More importantly, it is certainly the case that prosecutors often consider the harm — or lack thereof — as a discretionary consideration when evaluating whether to bring charges under statutes that do not strictly require it. But there are lots of federal criminal statutes like this, and a “no harm” rule would gut many of them. Federal wire fraud, for instance, does not require anyone to have suffered any losses; the crime is the fraudulent effort itself.

The same goes for other routinely used federal statutes, like the law that prohibits convicted felons from possessing firearms. By Rubio’s logic, we should decriminalize this conduct and simply rely on the statutes that kick in once those people have actually shot and perhaps killed someone. Somehow I doubt we will ever hear him advocate for this position.

7. This Is Election Interference

This has got to be one of the silliest possible arguments. Trump announced his 2024 election bid just days after the 2022 midterms, at a time when his public standing was at a low point because he was being publicly blamed for the party’s dismal showing in the election. The announcement also came after the FBI search of Mar-a-Lago, when he must have known that he was in serious legal jeopardy.

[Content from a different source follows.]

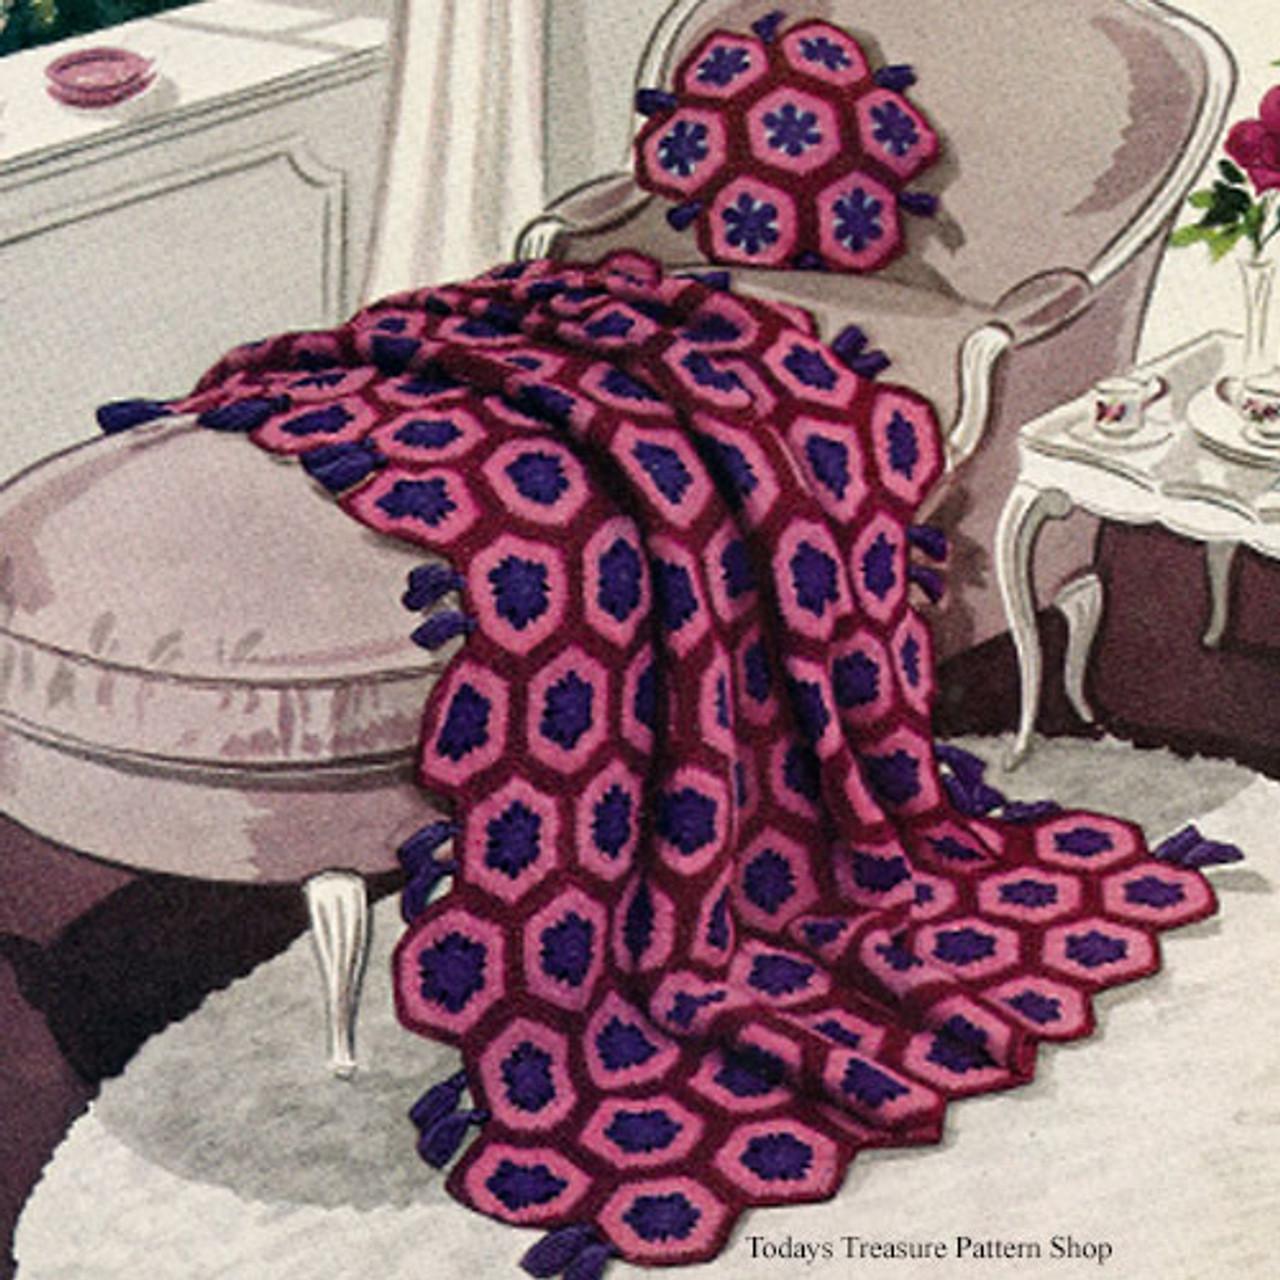 Crochet Hexagon Block Afghan Pattern, Vintage 1940s

Under the circumstances, it is fair to assume that Trump was deliberately trying to complicate the Justice Department’s efforts to investigate and prosecute him by repositioning himself as Biden’s political adversary for the remainder of Biden’s term, precisely so that he could avail himself of this talking point. The notion that the department should have indulged this gamesmanship by sitting on potential criminal charges until after the 2024 election — for two years! — makes little sense, and if accepted, it would effectively create a unilateral option to obtain legal immunity for anyone with the resources to run for president.

It is very possible that this assortment of contrived and misleading arguments, along with others that have been bandied about since last week, will be enough to keep most Republicans on Trump’s side. We have seen this happen before under the most preposterous of circumstances, as when Trump claimed that he made the “perfect” phone call to Ukrainian president Volodymyr Zelenskyy and managed to rally Republicans to oppose his first impeachment. Motivated reasoning is a potent political drug. Still, these are not good arguments, which, by itself, is further evidence of the challenging path ahead for Trump.